One of the things I wrote in my manifesto, “Purposive Drift: making it up as we along” was this:
“We need a language of the human. A language that recognises that life is more open, much messier, more ambiguous, more complex, more mysterious, more surprising, and filled with more possibilities for good or for ill, than the rationality of the machine allows.”

I was reminded of this after reading an entry on Johnnie Moore’s weblog, “Waterfalls and Chaos”, which led me to a paper by Jeffrey Conklin & William Weil,”Wicked Problems: Naming the Pain in Organizations”.

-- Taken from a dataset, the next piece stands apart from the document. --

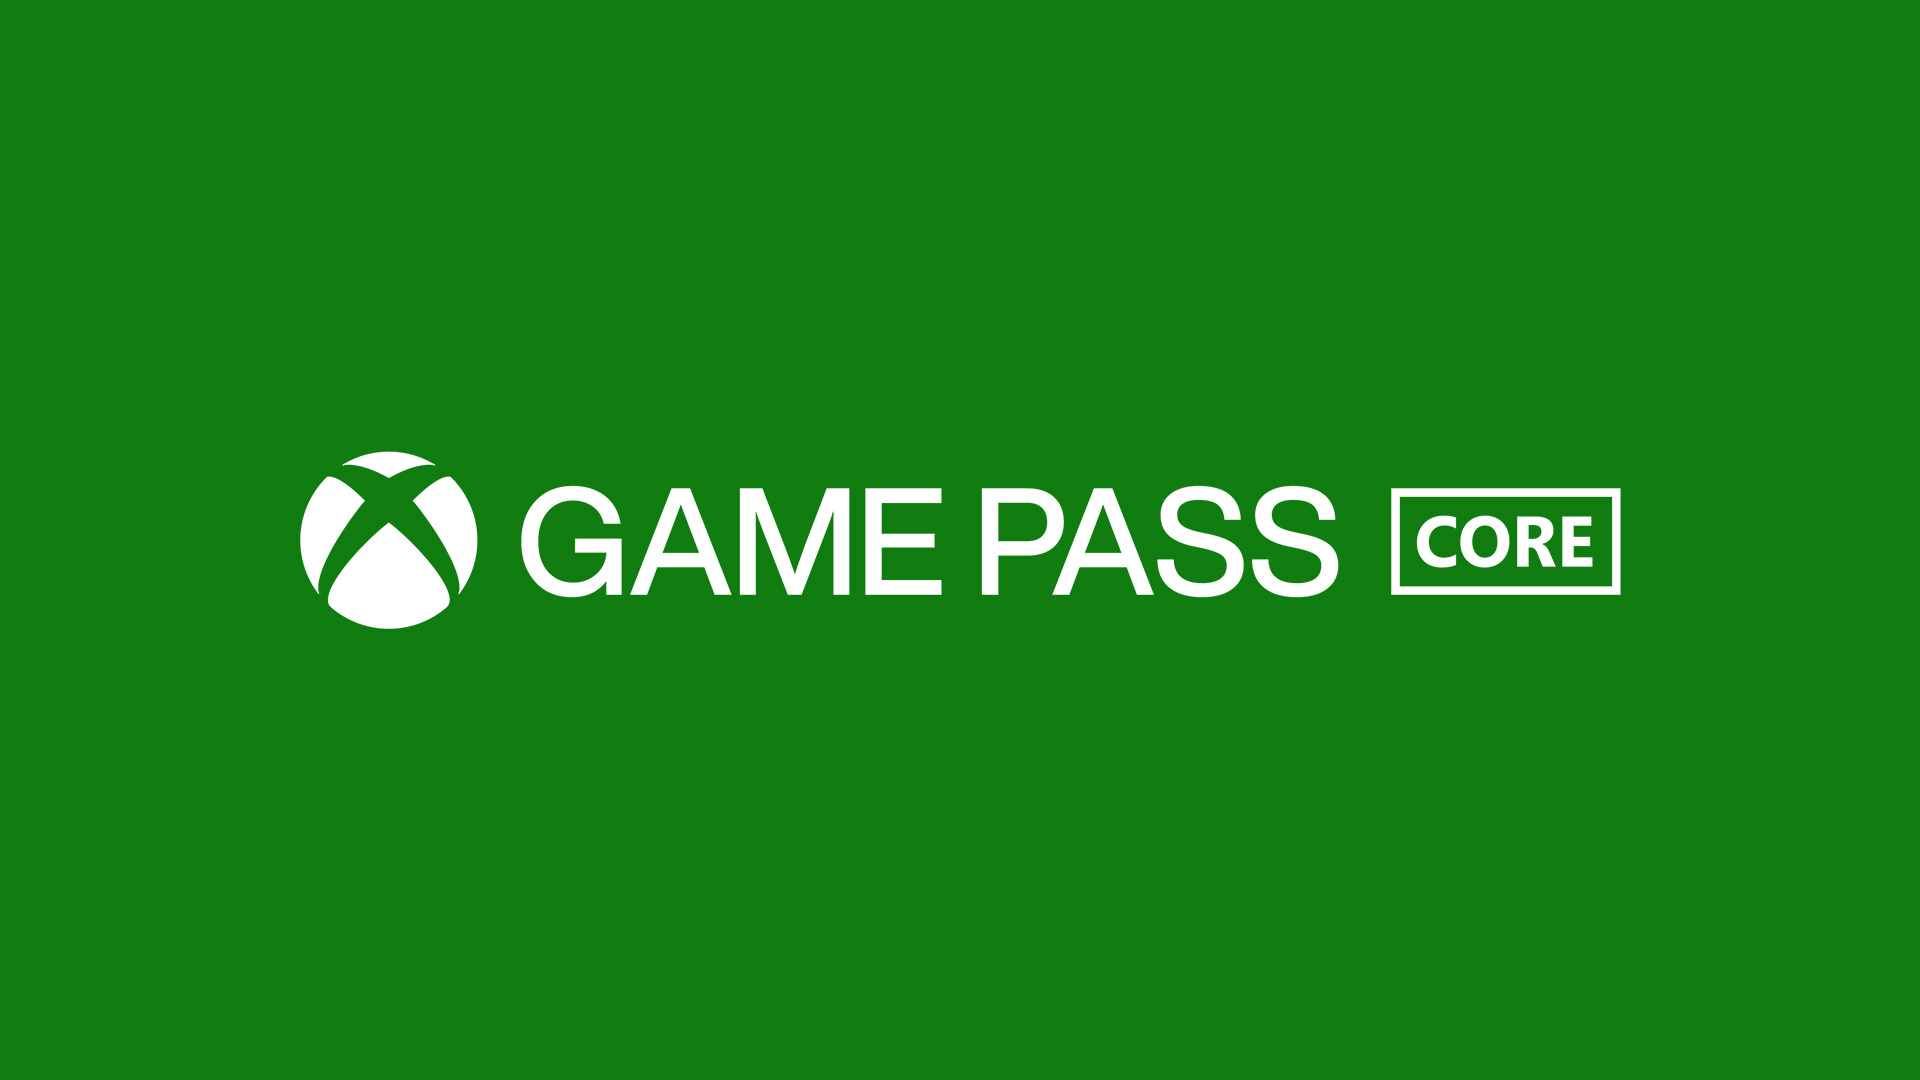 New Games with Gold for September 2020 - Xbox Wire

As they indicate, we need a language of the human because machine style language is not only inaccurate, but it hurts:
“One of the sources of pain in organizations, especially for managers and project leaders, is the gap between the linear and orderly progress you and your group are supposed to be making, and the chaotic reality in which you operate. The power of the distinction wicked problems is the freedom you gain by knowing that chaos is inherent in solving the problems you face. With this knowledge, the chaos does not decrease, but you can let things be the way they are, and stop feeling like something is wrong with you or your co-workers.”
As they argue earlier in the paper:
“The natural pattern of human problem solving appears chaotic on the surface, but it is the chaos of an earthquake or the breaking of an ocean wave. It reveals deeper forces and flows that have their own order and pattern. The non-linear pattern of activity that expert designers follow gives us fresh insight into what happens when we work on a complex problem. It reveals that in normal problem-solving behavior, we may seem to wander about, making only halting progress towards the solution. This non-linear process is not a defect, not a sign of stupidity or lack of training, but rather the mark of a natural learning process. It suggests that humans are oriented more toward learning (a process that leaves us changed) than toward problem solving (a process focused on changing our surroundings).”

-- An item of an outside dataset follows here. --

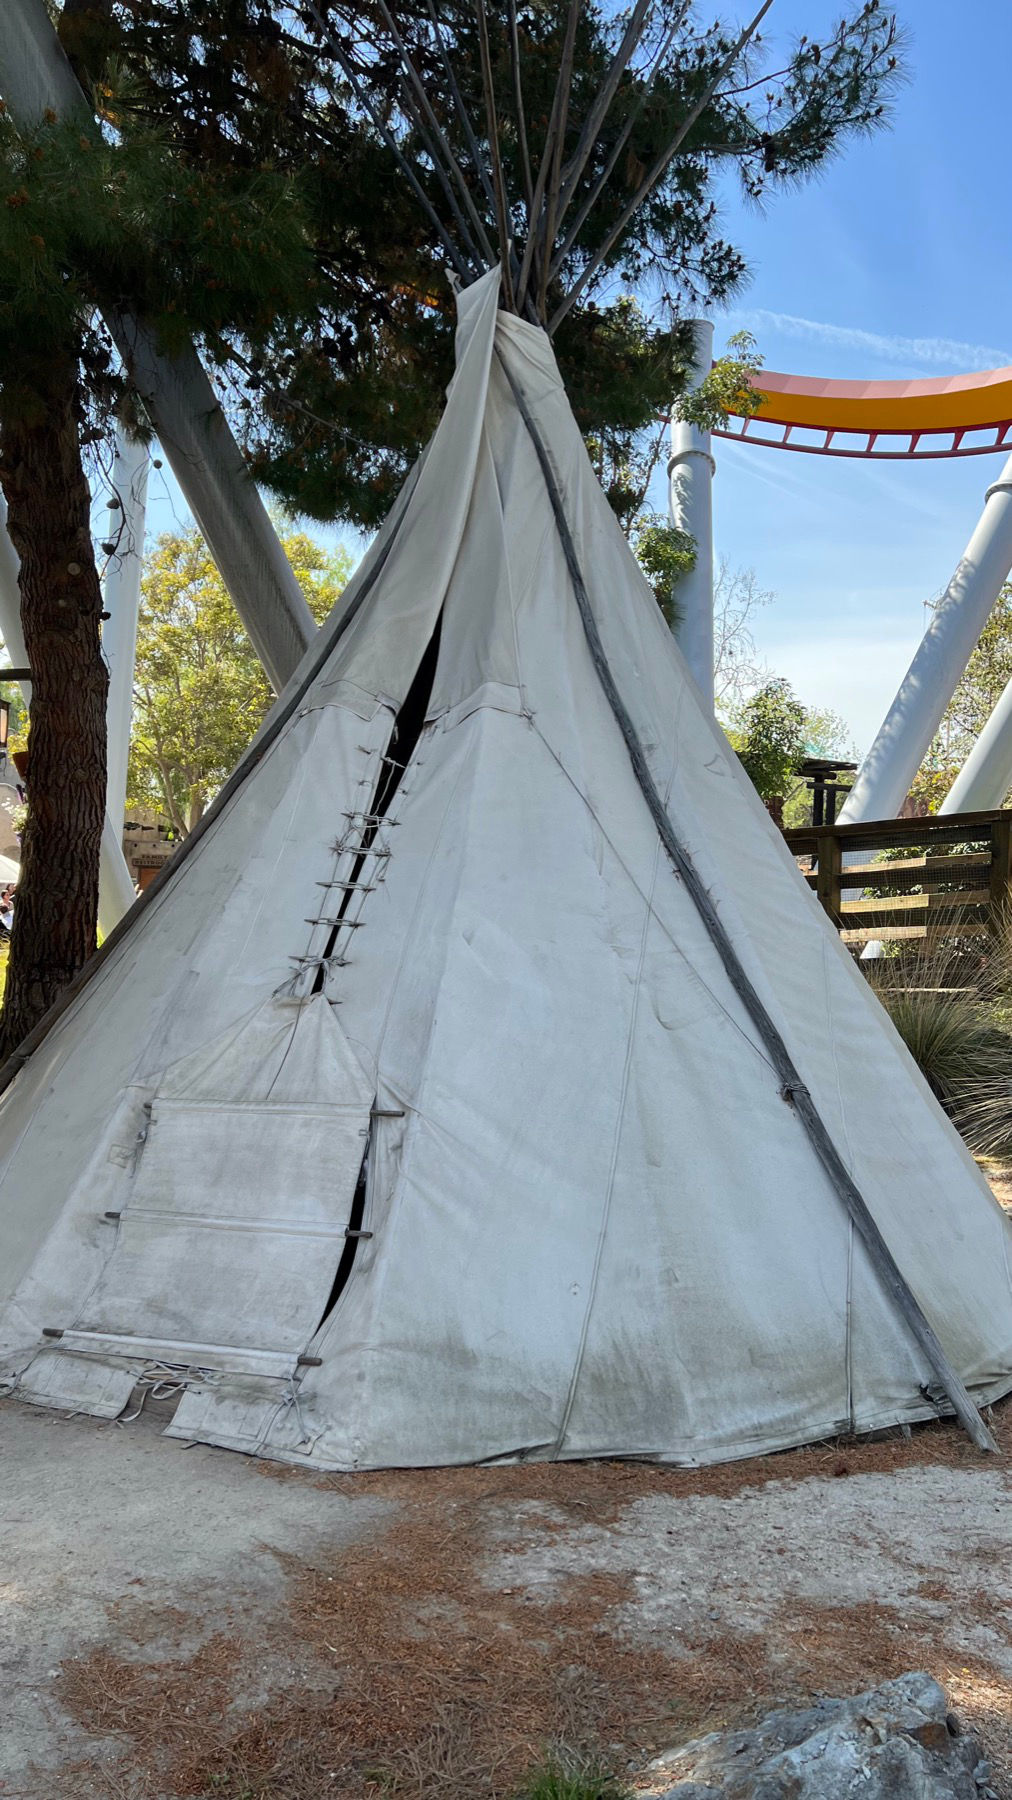 Indian Trails Teepee

So why can’t we celebrate our freedom instead of trying to push people into the straightjacket of machine style thinking? A question, I suspect, that has uncomfortable answers.

Consciously competent

Bob Sutton has been enthusing about a deli based business, Zingerman’s:
“What I was most taken with, however, is that that Saginaw and Wienzweig have grown this business by focusing in the quality of their products and service, and on treating their employees very well, and treating profit as a secondary goal.”

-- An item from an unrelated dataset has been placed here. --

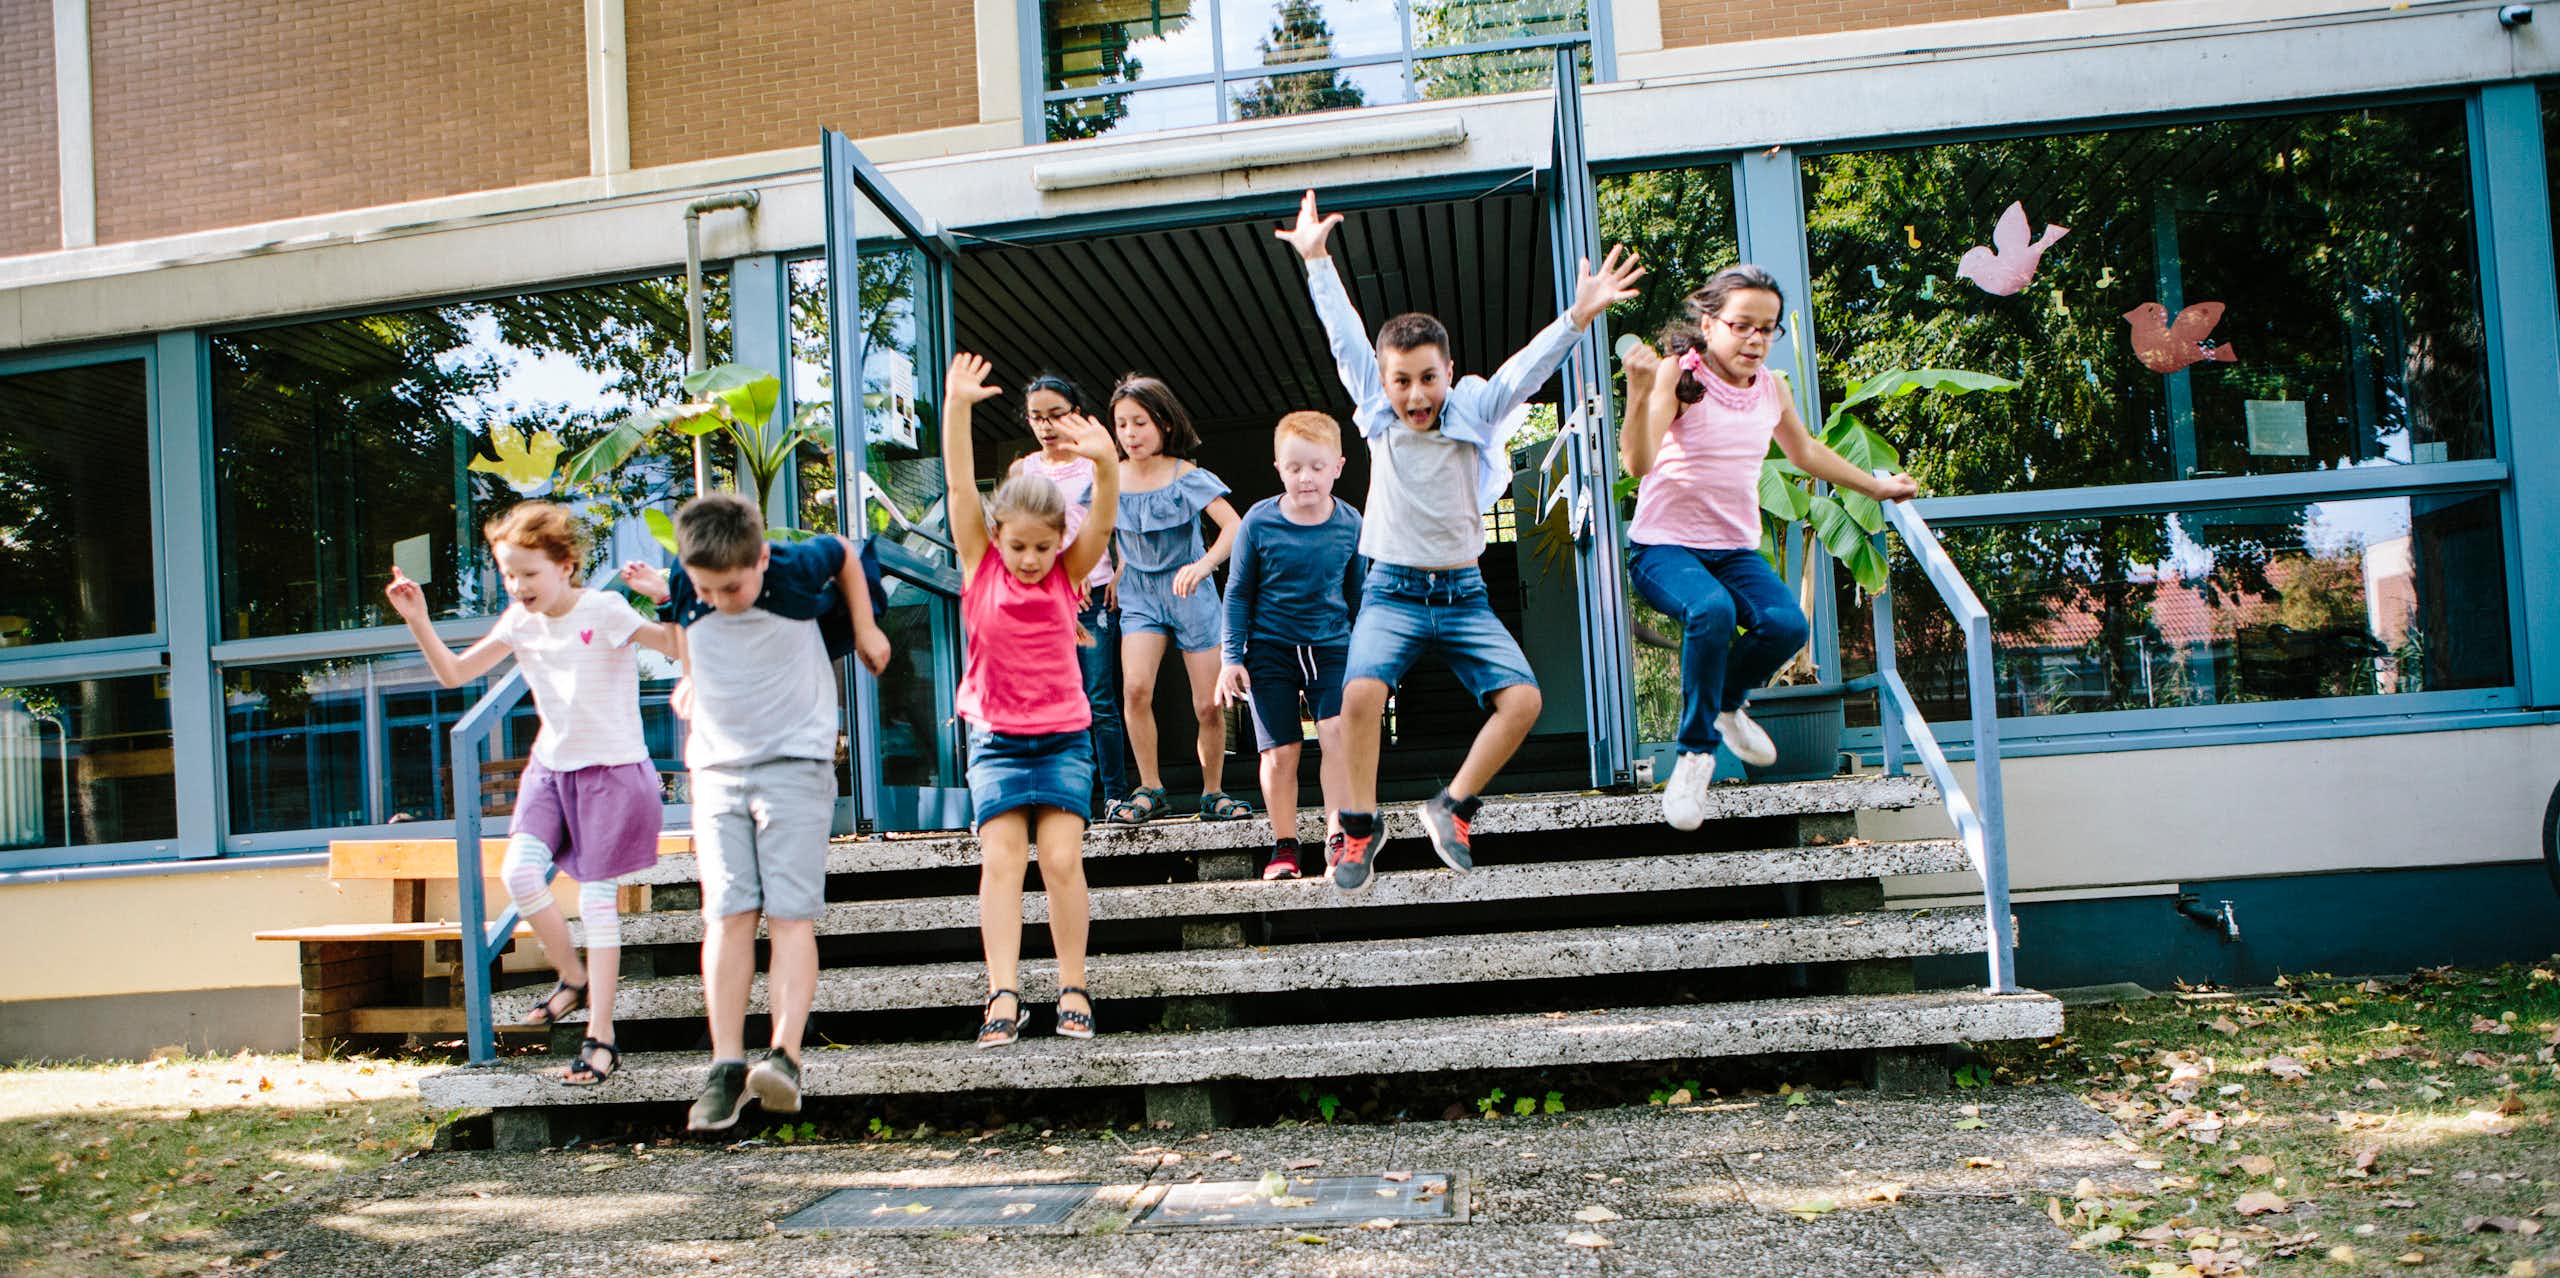 Health and education are closely linked – NZ needs to integrate them more in primary schools

In his piece he links to articles in The New York Times and INC, which are both worth reading in full.
What caught my eye in the INC article as almost an aside talking about one of community of companies that make up Zingerman’s training company ZingTrain was this bit about learning and teaching:   
“There’s a concept taught in ZingTrain’s seminars concerning the mastery of a skill. When you know absolutely nothing about a skill, you are unconsciously incompetent — that is, you don’t know what you don’t know. As you learn more, you become consciously incompetent: you know what you don’t know. With training and practice you can become consciously competent, while total mastery makes you unconsciously competent, meaning that you use the skill so effortlessly that you’re not even aware you’re doing it.
Here’s the kicker: in order to teach a skill, you have to go backward, from being unconsciously competent to being consciously competent. Until you can teach it, moreover, you don’t really know what you know. That concept helps to explain the process Zingerman’s went through that earned it a reputation for management equal to its reputation for food.”

Is it necessary to be consciously competent to teach something? I’m not quite sure, but it is certainly something to think about.